- 12 Apr 2012
A new Article 110/1 of the law on insurance contracts states that, in the event that the legal heirs are designated as beneficiaries without being mentioned by name, the insurance benefit has to be paid to the policy holder's estate, unless counter-proof is provided or if otherwise agreed upon.
Life insurance contracts often include a standard formula stating that, in the event of death, the beneficiaries of the insurance benefit are the spouse, if none, the descendants ((grand)children) or if none, the legal heirs.
In practice, this could cause problems when the policyholder does not have a spouse or (grand)children, but a life partner since some years. Notwithstanding the fact that that he or she drafted a will in favour of the life partner, the insurance company will have to pay the insurance benefit to the 'legal' heirs, who are often distant relatives, as determined in the standard formula. Often this does not correspond with the policyholder's wishes. Based on the new Article 110/1, the insurance benefit will go to the testamentary heir (in the above-described situation: the life partner). Indeed, the insurance benefit now falls into the policyholder's estate, and in the event of a distribution, the testamentary heir will take precedence over the legal heirs (provided that they do not have a legal privilege).

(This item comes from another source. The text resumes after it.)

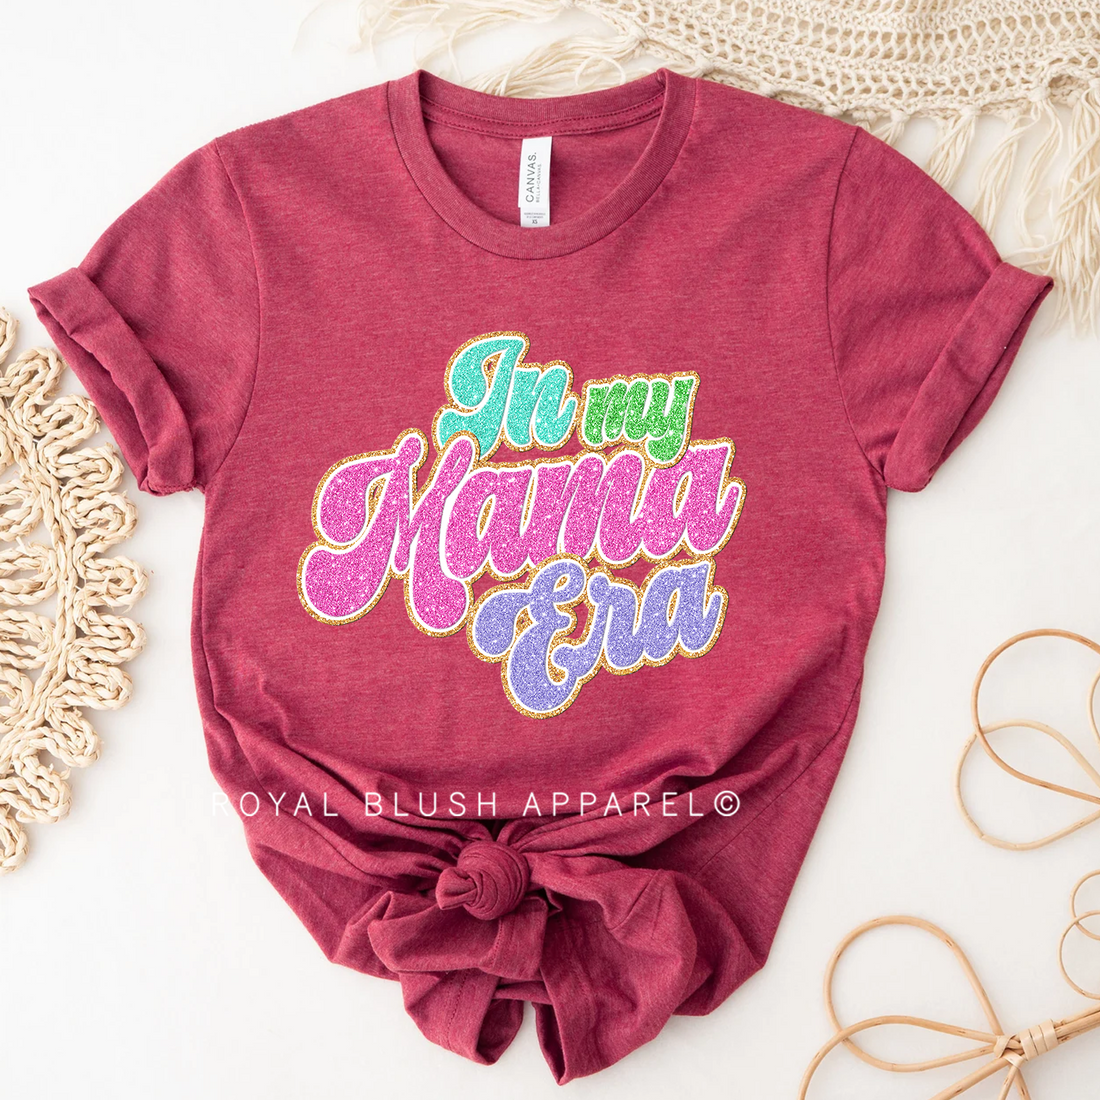 Stars Mama X3 T-shirt unisexe décontracté

This new Article, inserted by the Act of 24 February 2012, was immediately applicable to new agreements as from 5 March 2012. A transitional period of two years (until 5 March 2014) is provided for existing contracts, during which the insurance companies have time to inform their policyholders.
In principle, the new rule is only applicable to individual and collective life insurance contracts (group insurance contracts with death coverage) and not on death coverage provided in pension funds (IBPs). A regulation on pension funds that provides a beneficiary clause referring to the "legal heirs" should therefore also better be clarified, since this includes the same issue.